Выбрать главу

А почему мы вводим скомороха? Скоморохи нам всегда нужны[36]. Даже очень нужны. В этом вот, в художнике Филиппи, добрый центнер весу, и, однако же, он поразительно легко, будто пушинку, несет на своих маленьких ножках пухлое тело, приплясывая, ходит по улице, рассказывает: «Мать мне всегда говорила…» — потом следует что-нибудь всякий раз новое, крутит в трех пальцах тросточку с набалдашником из слоновой кости и таким же наконечником или размахивает белой картонкой «Детям и военным скидка», что-нибудь в этом духе, но разукрашенное цветочками и с пышным, ярко размалеванным венком из георгинов вокруг. Сейчас он сидит напротив моего дедушки. И он нам нужен.

Дедушка все продал. Отныне он бризенский обыватель, рантье. Ну, а как обстоит дело с вырученными деньгами?
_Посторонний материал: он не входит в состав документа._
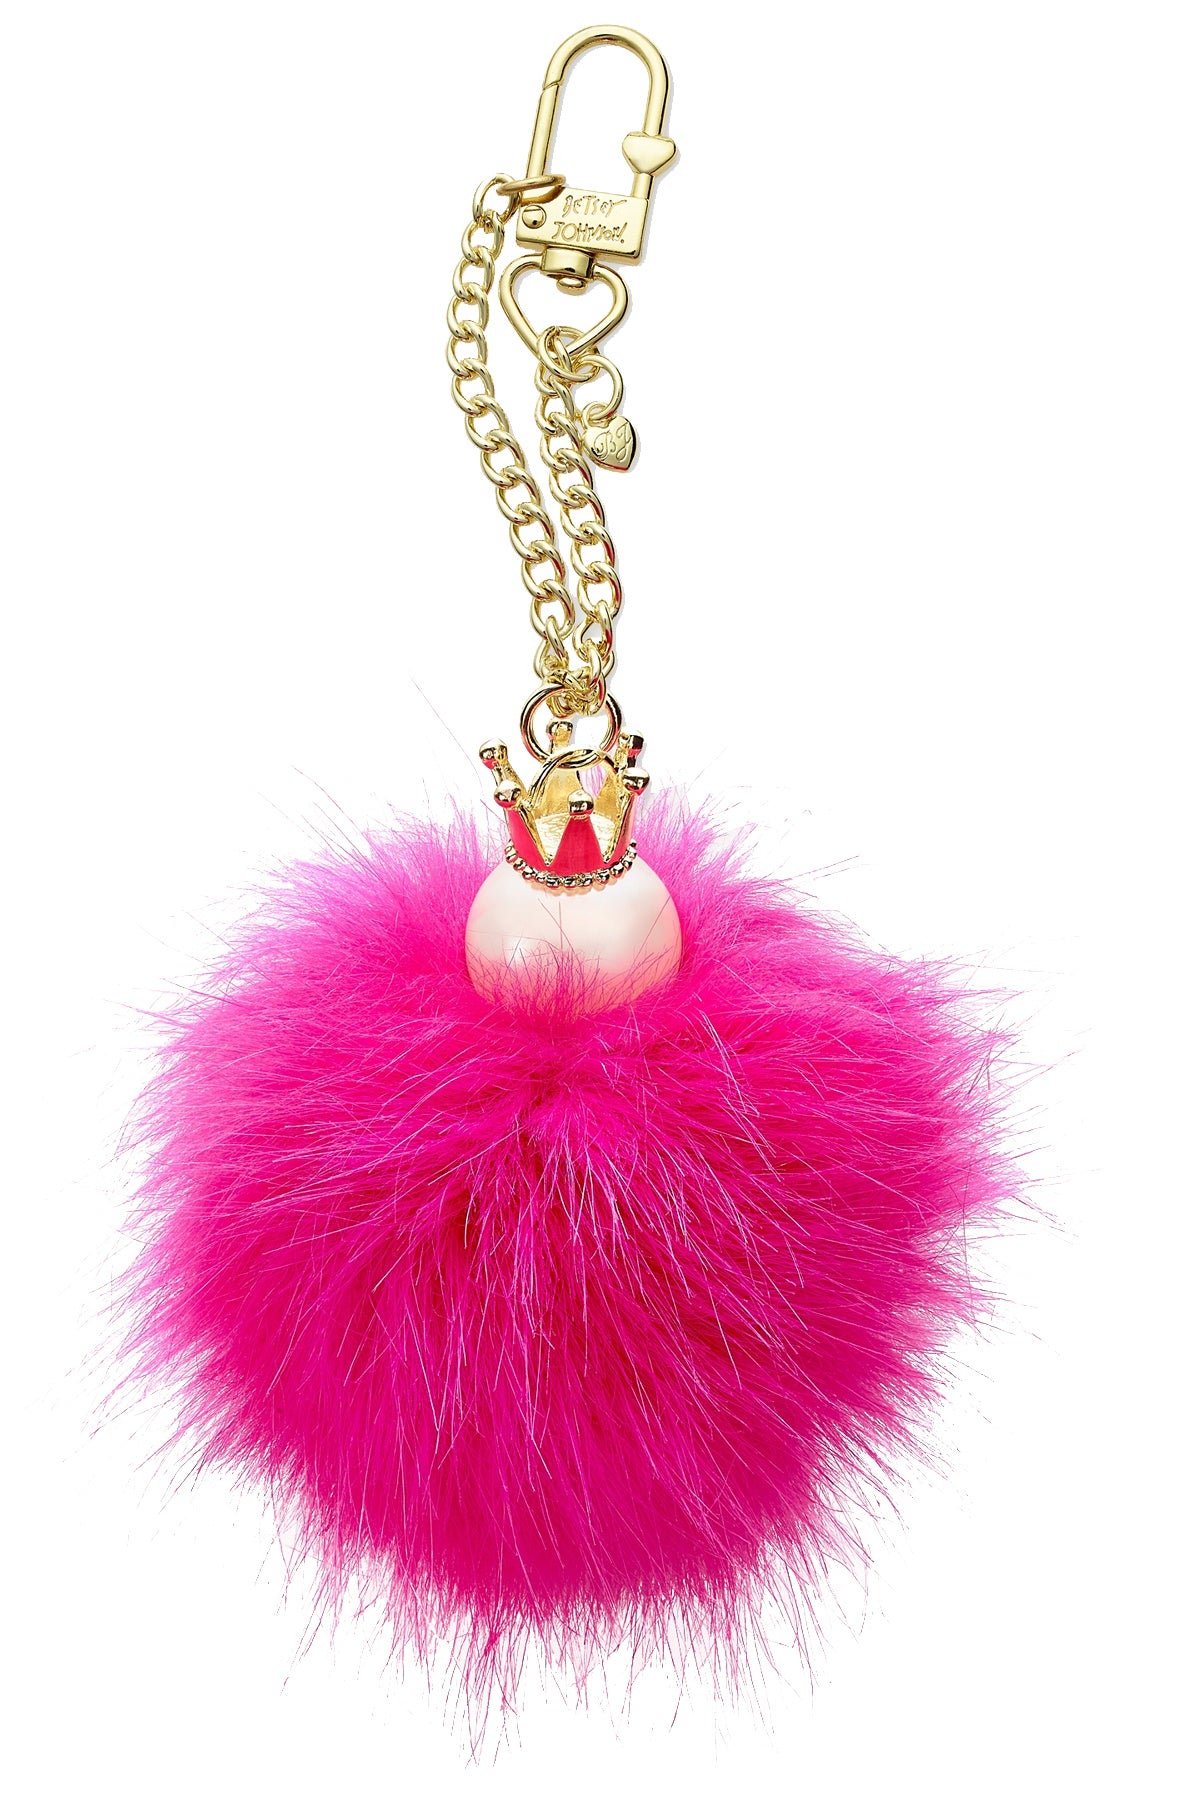 Betsey Johnson Pink Crown Pom Pom Handbag Clip

Однажды приезжает Феллер. Его подвез живодер Фрезе. Дедушка сидит в гостиной и читает свой еженедельник «Гартенлаубе». Хорошая газета, печатается в Берлине, на глазах у самого кайзера. Дедушка читает и не может прийти в себя. Там есть статья; как же зовут человека, что написал ее, автора, что ли? Глагау, Отто Глагау звать его, и это очень важная статья, у дедушки совсем багровые уши, когда входят Кристина с Феллером.

— Погляди-ка, Иоганн, кто к нам приехал!

Кристина и в самом деле рада, пусть радуется, она только и знала что хлопотать с переездом и устройством — пока тут оглядишься, пока купишь новые занавески, и так день за днем, да к дедушка тоже рад.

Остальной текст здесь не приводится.